A editora chama-lhe fascículos, um pouco como se não quisesse elevar demasiado a expectativa, numa atitude despretensiosa e dessacralizante do objecto que justamente celebra e concretiza, o livro (ou, supostamente, uma parte dele). De dois buracos da lombada de cada volume saem argolas de metal para nos lembrar de que estamos perante uma parte da obra, e de que é possível juntá-lo a outros que já se publicaram. Nas sobrecapas monocromáticas há aberturas tipo nuvem (sempre instáveis, flutuantes), recortadas em função do espaço ocupado pelos diferentes títulos e autores. E esta eloquente ousadia de design gráfico é talvez o primeiro sinal de sofisticação e de espírito irrequieto de uma colecção de livros de fotografia que já demonstrou uma tendência para abraçar o risco, a deriva e a descoberta.

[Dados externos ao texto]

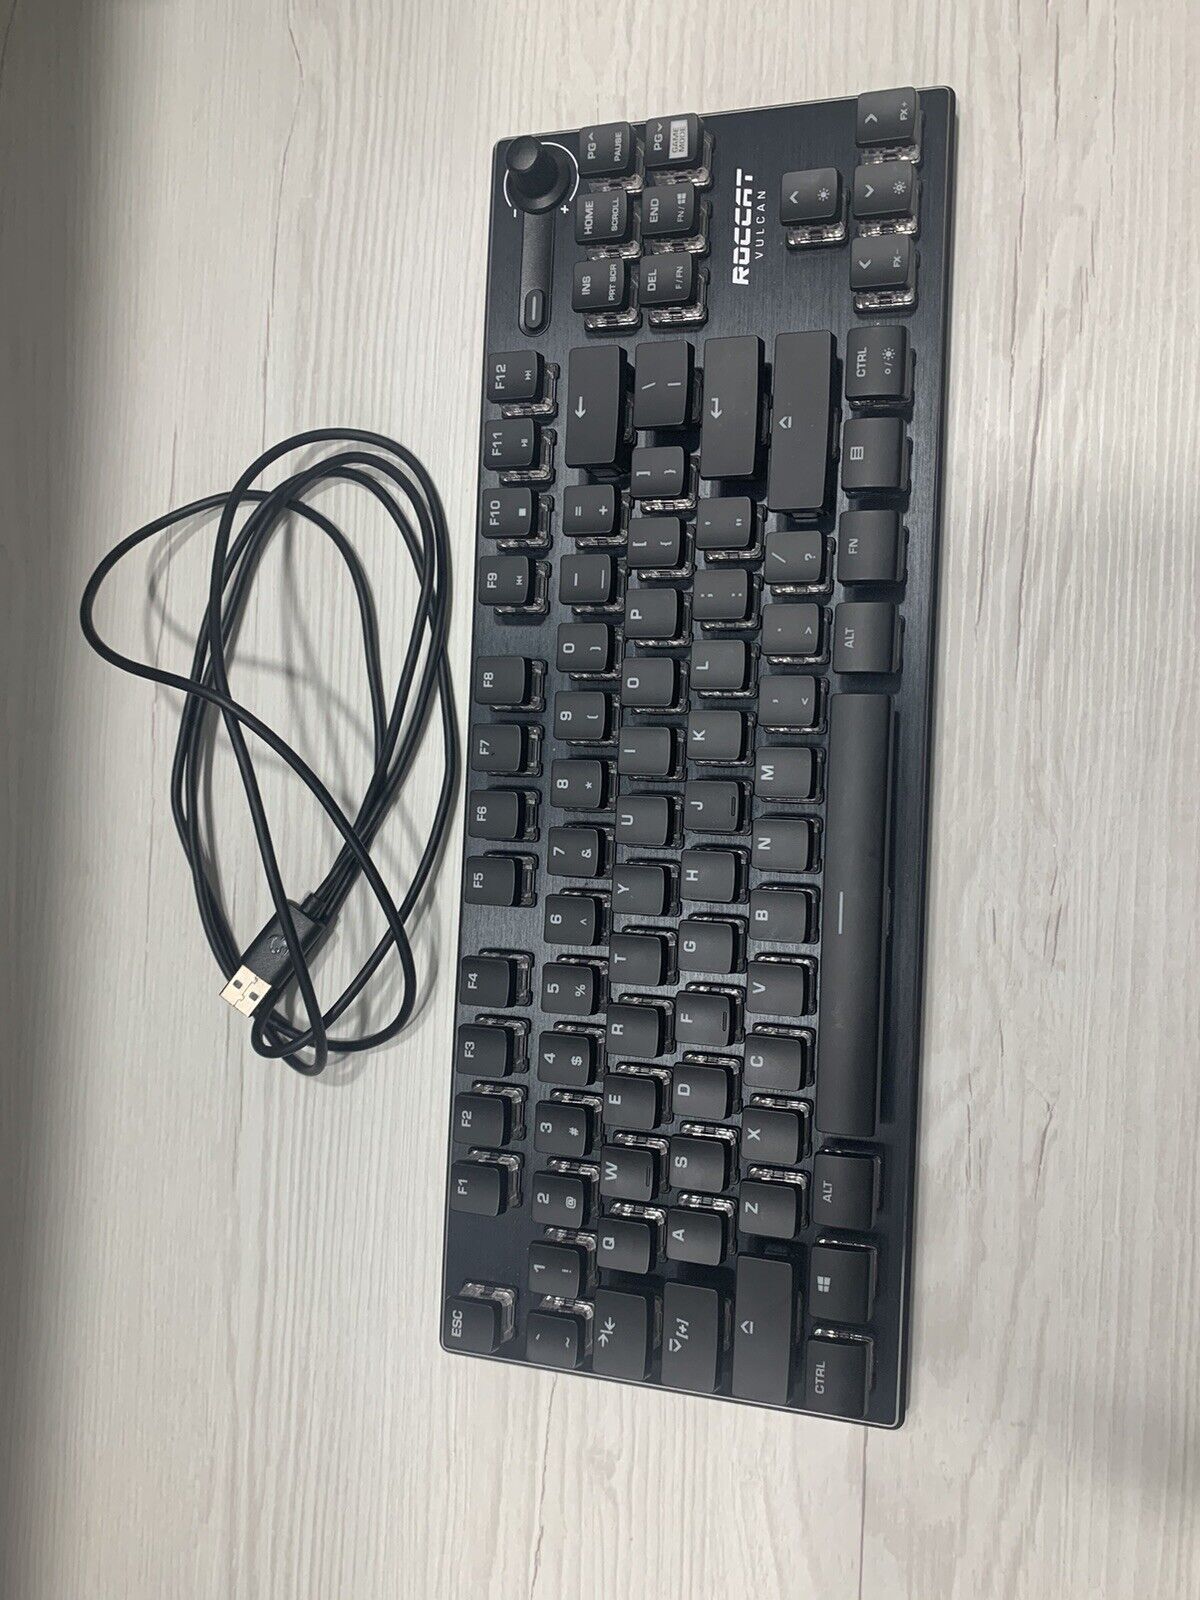 ROCCAT Vulcan TKL Linear PC Gaming Keyboard - Black

Livrinho a livrinho, a Pierrot le Fou — nascida em 2012 entre o Porto e Basileia, pela mão de Dulcineia Neves dos Santos, Susana Lourenço Marques, Bruno Figueiredo e Pedro Bandeira — vai erguendo uma identidade caleidoscópica, fazendo suceder obras de diferentes origens formais e propósitos criativos muito variados. Embora os nove fascículos já publicados apresentem uma tónica na arquitectura e no urbanismo — ou de uma forma mais genérica nos usos que fazemos do espaço —, a acumulação de fólios pode resultar em combinações muito variadas e interessantes, tanto na forma como no conteúdo, respeitando ou não a ordenação numérica crescente que nos é proposta. A sensação que fica depois de abrirmos todos os volumes é a de que não só podemos como devemos baralhar a ordem estabelecida, procurando as nossas ligações entre imagens, a nossa colecção particular de ínfimas partes de registos visuais do mundo.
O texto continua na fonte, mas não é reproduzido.